Paulina odpowiedziała jedynie uśmiechem i pocałowała ją w policzek. Kiedy zamknęły się za nimi drzwi, została jeszcze chwilę w ciszy. Ten tydzień coś w niej poruszył. To nie było zwykłe spotkanie – to było przypomnienie, jak silne mogą być kobiety, które dokładnie wiedzą, kim są.

---

Coraz lepiej czuła się na uniwersytecie. Mimo intensywności swoich obowiązków Paulina poruszała się po korytarzach Humboldt-Universität z lekkością i pewnością siebie, której pozazdrościć mogły jej nawet starsze koleżanki z wydziału. Studenci ją lubili – nie za pobłażliwość, bo tej nie było w jej stylu, ale za sposób, w jaki prowadziła zajęcia: jasno, metodycznie, z pasją i bez cienia protekcjonalności.

Na jej środowych ćwiczeniach z Einführung in die psychologische Anthropologie (Wprowadzenie do psychologii antropologicznej) zawsze panowała koncentracja – nikt nie śmiał się spóźnić ani mówić poza kolejnością. Paulina zyskała w oczach studentów opinię wymagającej, ale sprawiedliwej. Jej sylwetka – nienagannie smukła i wyprostowana – jej styl, dopracowany co do detalu, nie pozwalały zapomnieć, że mają przed sobą kogoś wyjątkowego.

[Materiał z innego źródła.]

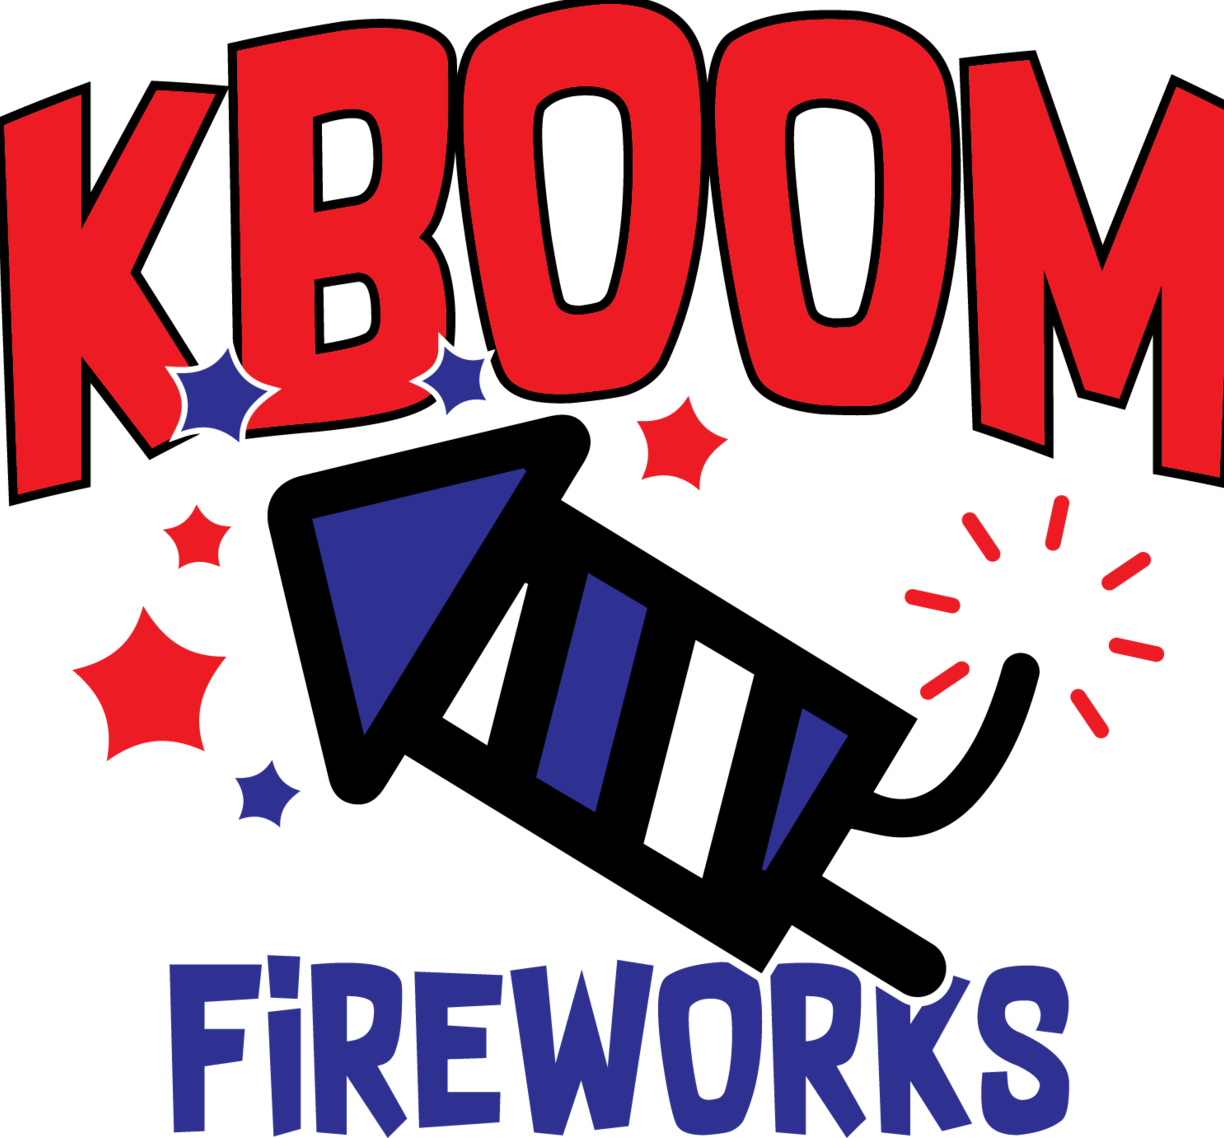 Kboom Logo 002

Zawsze przychodziła elegancko ubrana: kremowe lub białe koszule z delikatnym kołnierzykiem, idealnie dopasowane spodnie z kantem, klasyczne szpilki. Czasem czarne, czasem w odcieniu chłodnego beżu. Jej makijaż był subtelny, niemal niedostrzegalny, włosy związane  lub rozpuszczone i lekko falujące – ale zawsze schludne, zawsze idealne.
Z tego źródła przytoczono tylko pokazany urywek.